As this Orange County, California, blog has discussed on previous occasions, many couples in this state, including those who have no plans of divorcing, choose to enter in to prenuptial agreements. While there are certain minimum legal requirements every prenuptial agreement must satisfy, one of the reasons they are so popular is that they are flexible documents.

They allow couples entering them to get somewhat creative with addressing both potential divorce issues, as well as other legal and financial matters. In other words, it may be easier for people to know what cannot be included in prenuptial agreements, since most topics related to marriage are pretty much fair game.

As this post has mentioned before, a California prenuptial agreement cannot include items that address child custody, parenting time and child support.
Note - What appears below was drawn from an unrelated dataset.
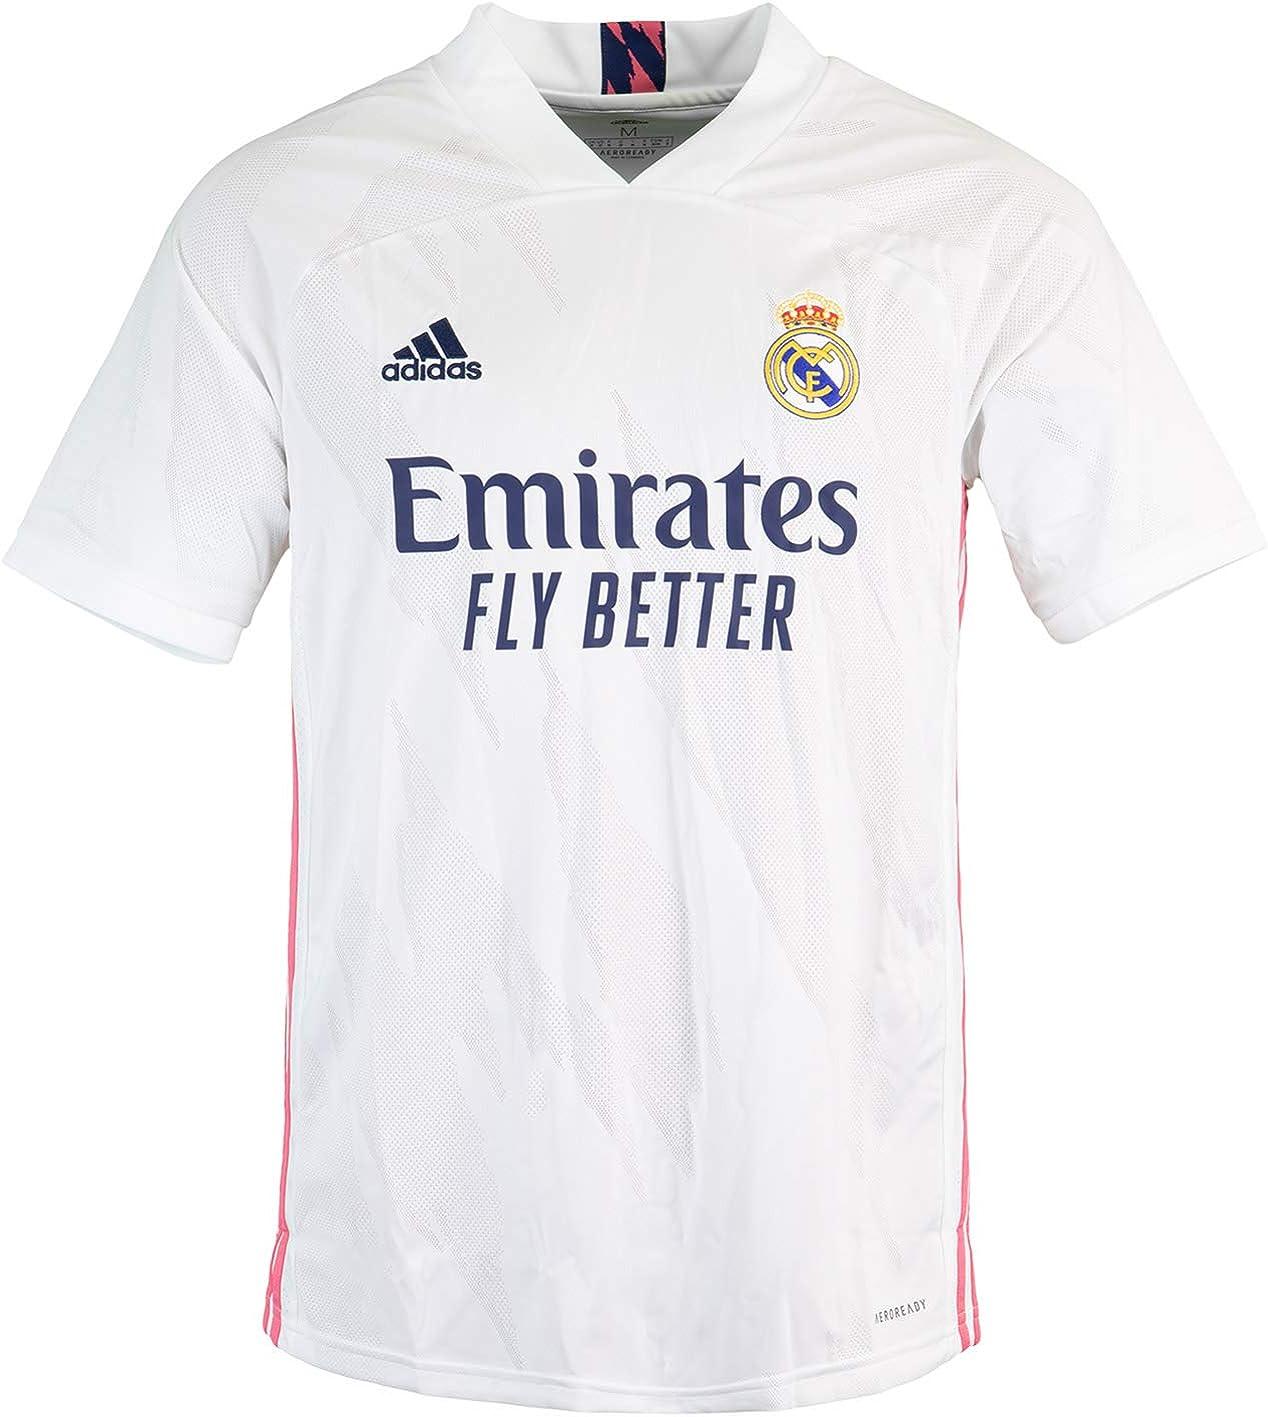 adidas Camiseta del Real Madrid.: Amazon.es: Ropa y accesorios

Courts will insist that these issue be resolved when they come up and consistent with the children's best interests. One also has to be careful about using an agreement to limit a spouse's ability to seek alimony.

Obviously, one cannot include a term that would be illegal to enforce. Although, sometimes, in today's complicated world, what is and is not prohibited may be confusing.

On a less obvious note, one cannot include terms that do not pertain specifically to property and financial or estate planning matters. For instance, deals about who will do what work around the house or how often a person will have to visit his or her in-laws will face scrutiny and be frowned upon.

Otherwise, though, one can use a prenuptial agreement to address a variety of topics, including ownership of a family business, matters related to estate planning, what is and is not community property and the like. Whether it is wise to include, or agree to, a particular term in a prenuptial agreement is a question that is good to discuss with one's family law attorney.